Question

The oxide of a metal (R) can be reduced by the metal (P) and metal (R) can reduce the oxide of metal (Q). Then the decreasing order of the reactivity of metal (P), (Q) and (R) with oxygen is:
A. $P$$ >$$ Q$$ > $$R$
B. $P $$>$$ R$$ > $$Q$
C. $R $$> $$P$$ > $$Q$
D. $Q$$ >$$ P $$> $$R$

Answer 1

Hint: The element which can reduce the oxides of the other element must be more reactive than the other element. Hence, the element which is more reactive will replace the other element.
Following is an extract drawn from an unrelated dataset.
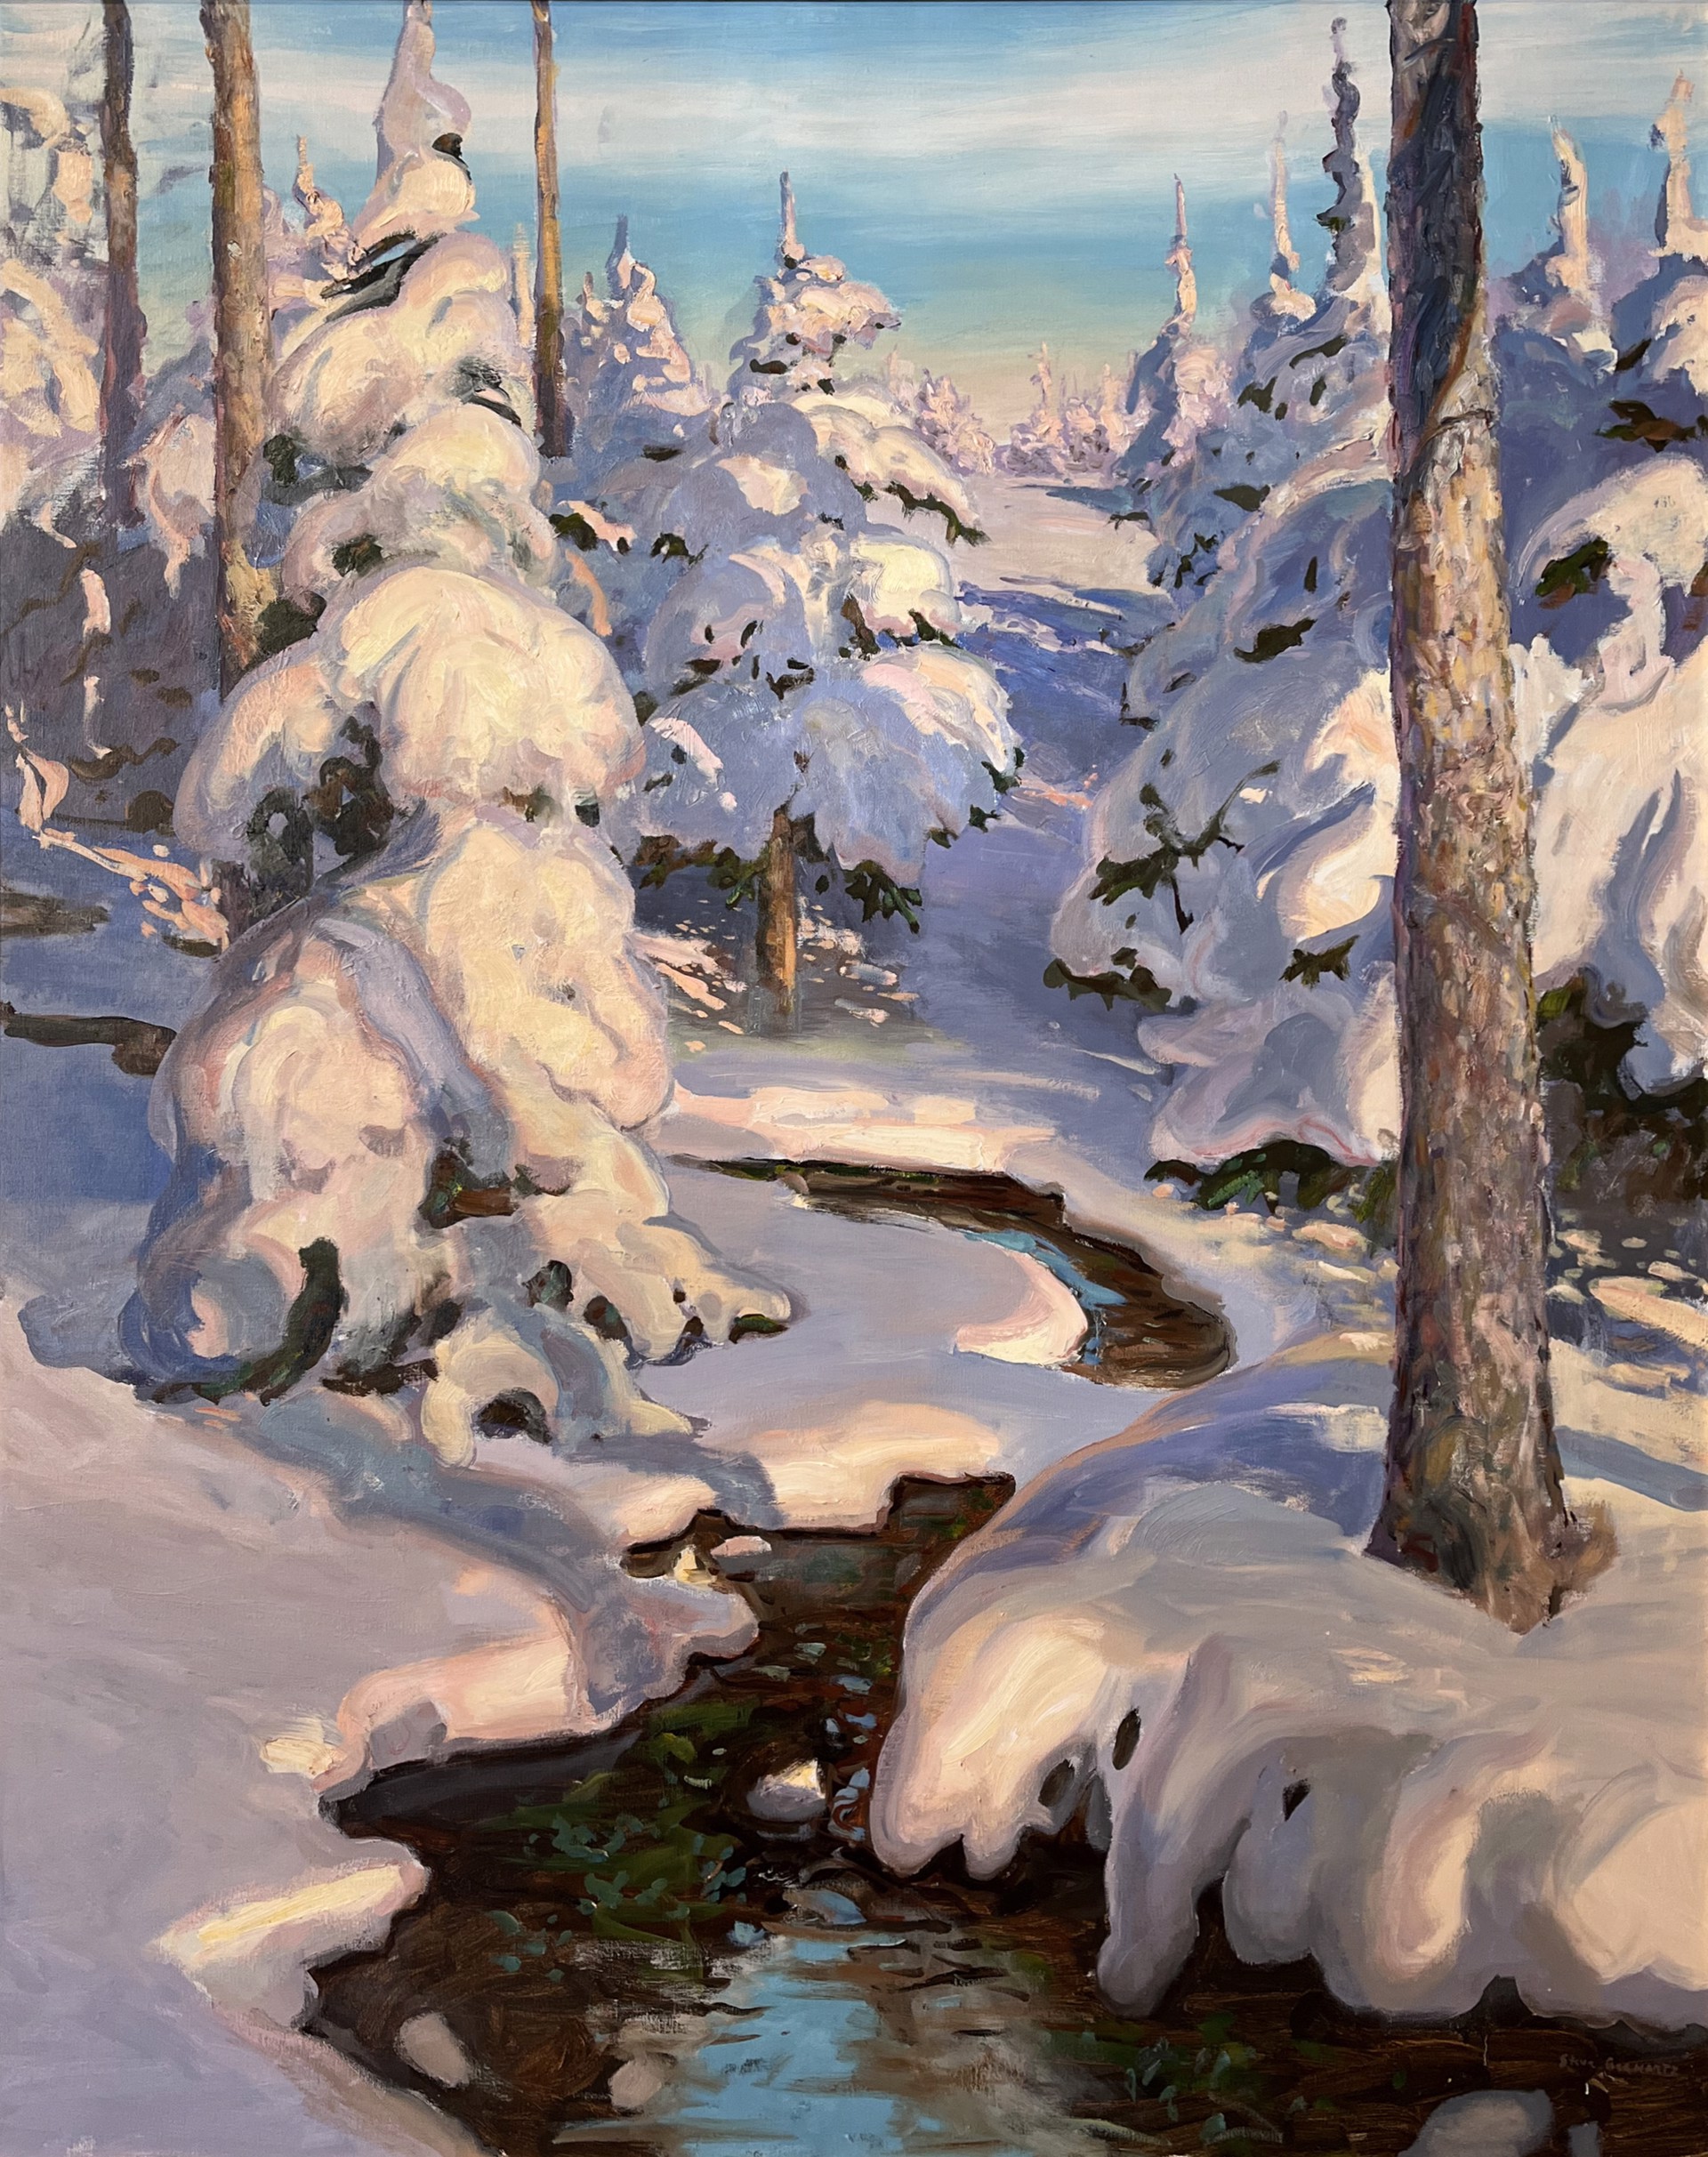 Spruces in Winter by Steve Gerhartz

Complete step by step solution:
If you look at first statement then it says that, oxide of metal R can be reduced by metal P therefore,$RO+P\to PO+R$.........................(1)
Since, this equation is happening or spontaneous, which means its $\Delta {{G}_{1}}<0$
If we take other equations such as:
$P+O\to PO$......................(2)
$RO\to R+O$.......................(3)
$R+O\to RO$.......................(4)
Then according to the equation above, if we would add the equation 2 and 3 then we would get equation 1,
$\Rightarrow \Delta {{G}_{2}}+\Delta {{G}_{3}}<0$
But, if you look closely then you will notice that equation 4 Is just the opposite of equation 3 therefore, we can replace it,
$\Rightarrow \Delta {{G}_{2}}-\Delta {{G}_{4}}<0$ $(\Delta {{G}_{3}}=-\Delta {{G}_{4}})$
$\Rightarrow \Delta {{G}_{2}}<\Delta {{G}_{4}}$
The above conclusion shows that reaction 2 is much more stable than 4, hence, PO will be formed more which means that P is reactive than R. We can do the same with the other statement where the product will be RO which will conclude that R is much more reactive than Q .

Therefore, the answer of this question is B. $P$$ >$$ R$$ >$$ Q$.

Note: You can also understand this question with the help of reactivity series of a metal where the metals who are at higher place can only displace the other metal. In this question when P reduces the oxide, it means it must be at a higher place in reactivity series than R and Q.